And here's the matching receiver function:

	ssize_t
	sock_fd_read(int sock, void *buf, ssize_t bufsize, int *fd)
	{
		ssize_t		size;

		if (fd) {
			struct msghdr	msg;
			struct iovec	iov;
			union {
				struct cmsghdr	cmsghdr;
				char		control[CMSG_SPACE(sizeof (int))];
			} cmsgu;
			struct cmsghdr	*cmsg;

			iov.iov_base = buf;
			iov.iov_len = bufsize;

			msg.msg_name = NULL;
			msg.msg_namelen = 0;
			msg.msg_iov = &iov;
			msg.msg_iovlen = 1;
			msg.msg_control = cmsgu.control;
			msg.msg_controllen = sizeof(cmsgu.control);
			size = recvmsg (sock, &msg, 0);
			if (size < 0) {
				perror ("recvmsg");
				exit(1);
			}
			cmsg = CMSG_FIRSTHDR(&msg);
			if (cmsg && cmsg->cmsg_len == CMSG_LEN(sizeof(int))) {
				if (cmsg->cmsg_level != SOL_SOCKET) {
					fprintf (stderr, "invalid cmsg_level %d\n",
						 cmsg->cmsg_level);
					exit(1);
				}
				if (cmsg->cmsg_type != SCM_RIGHTS) {
					fprintf (stderr, "invalid cmsg_type %d\n",
						 cmsg->cmsg_type);
					exit(1);
				}

				*fd = *((int *) CMSG_DATA(cmsg));
				printf ("received fd %d\n", *fd);
			} else
				*fd = -1;
		} else {
			size = read (sock, buf, bufsize);
			if (size < 0) {
				perror("read");
				exit(1);
			}
		}
		return size;
	}

With these two functions, I rewrote the simple example as follows:

	void
	child(int sock)
	{
		int	fd;
		char	buf[16];
		ssize_t	size;

		sleep(1);
		for (;;) {
			size = sock_fd_read(sock, buf, sizeof(buf), &fd);
			if (size <= 0)
				break;
			printf ("read %d\n", size);
			if (fd != -1) {
				write(fd, "hello, world\n", 13);
				close(fd);
			}
		}
	}

	void
	parent(int sock)
	{
		ssize_t	size;
		int	i;
		int	fd;

		fd = 1;
		size = sock_fd_write(sock, "1", 1, 1);
		printf ("wrote %d\n", size);
	}

	int
	main(int argc, char **argv)
	{
		int	sv[2];
		int	pid;

		if (socketpair(AF_LOCAL, SOCK_STREAM, 0, sv) < 0) {
			perror("socketpair");
			exit(1);
		}
		switch ((pid = fork())) {
		case 0:
			close(sv[0]);
			child(sv[1]);
			break;
		case -1:
			perror("fork");
			exit(1);
		default:
			close(sv[1]);
			parent(sv[0]);
			break;
		}
		return 0;
	}

### Experimenting with multiple writes

I wanted to know what would happen if multiple writes were made, some
with file descriptors and some without.

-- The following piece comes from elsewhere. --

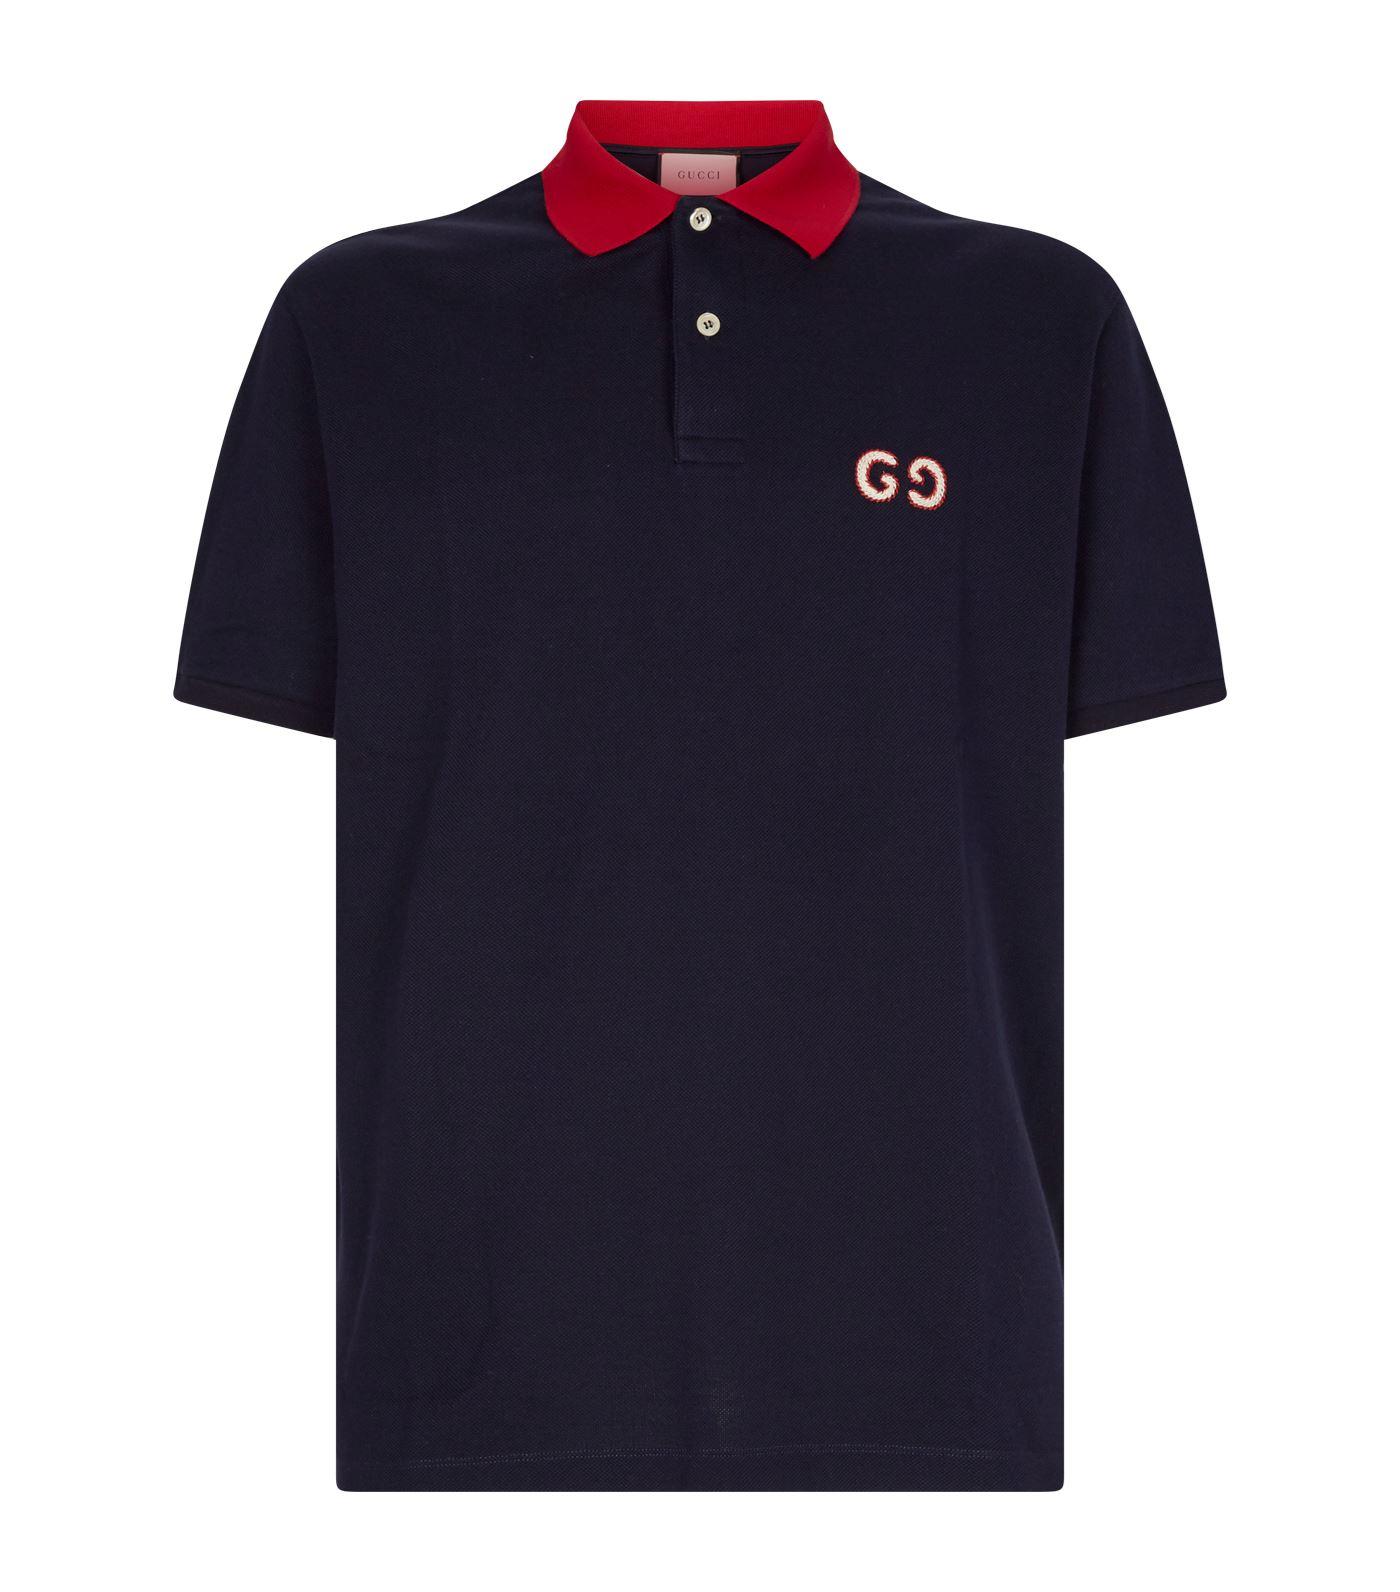 Gucci Contrast Collar Polo Shirt in Navy (Blue) for Men - Lyst

So I changed the simple example
parent function to look like:

	void
	parent(int sock)
	{
		ssize_t	size;
		int	i;
		int	fd;

		fd = 1;
		size = sock_fd_write(sock, "1", 1, -1);
		printf ("wrote %d without fd\n", size);
		size = sock_fd_write(sock, "1", 1, 1);
		printf ("wrote %d with fd\n", size);
		size = sock_fd_write(sock, "1", 1, -1);
		printf ("wrote %d without fd\n", size);
	}

When run, this demonstrates that the reader gets two bytes in the
first read along with a file descriptor followed by one byte in a
second read, without a file descriptor. This demonstrates that
a file descriptor message forms a barrier within the socket; multiple
messages will be merged together, but not past a message containing a
file descriptor.

### Reading without accepting a file descriptor

What happens when the reader isn't expecting a file descriptor? Does
it just get lost? Does the reader not get the message until it asks
for the file descriptor? What about the boundary issue described above?

Here's my test case:

	void
	child(int sock)
	{
		int	fd;
		char	buf[16];
		ssize_t	size;

		sleep(1);
		size = sock_fd_read(sock, buf, sizeof(buf), NULL);
		if (size <= 0)
			return;
		printf ("read %d\n", size);
		size = sock_fd_read(sock, buf, sizeof(buf), &fd);
		if (size <= 0)
			return;
		printf ("read %d\n", size);
		if (fd != -1) {
			write(fd, "hello, world\n", 13);
			close(fd);
		}
	}

	void
	parent(int sock)
	{
		ssize_t	size;
		int	i;
		int	fd;

		fd = 1;
		size = sock_fd_write(sock, "1", 1, 1);
		printf ("wrote %d without fd\n", size);
		size = sock_fd_write(sock, "1", 1, 2);
		printf ("wrote %d with fd\n", size);
	}

This shows that the first passed file descriptor is picked up by the
first sock_fd_read call, but the file descriptor is closed. The second
file descriptor passed is picked up by the second sock_fd_read call.

### Zero-length writes

Can a file descriptor be passed without sending any data?

	void
	parent(int sock)
	{
		ssize_t	size;
		int	i;
		int	fd;

		fd = 1;
		size = sock_fd_write(sock, "1", 1, -1);
		printf ("wrote %d without fd\n", size);
		size = sock_fd_write(sock, NULL, 0, 1);
		printf ("wrote %d with fd\n", size);
		size = sock_fd_write(sock, "1", 1, -1);
		printf ("wrote %d without fd\n", size);
	}

And the answer is clearly "no" -- the file descriptor is not passed
when no data are included in the write.

(update, 2019-5-8 from Yicholas Rishel)

This is true for SOCK_STREAM sockets, but for SOCK_SEQPACKET sockets,
you *can* do zero-length writes and pass an fd.

### A summary of results


 1. read and recvmsg don't merge data across a file descriptor message boundary.

 2. failing to accept an fd in the receiver results in the fd being
    closed by the kernel.

 3. a file descriptor must be accompanied by some data.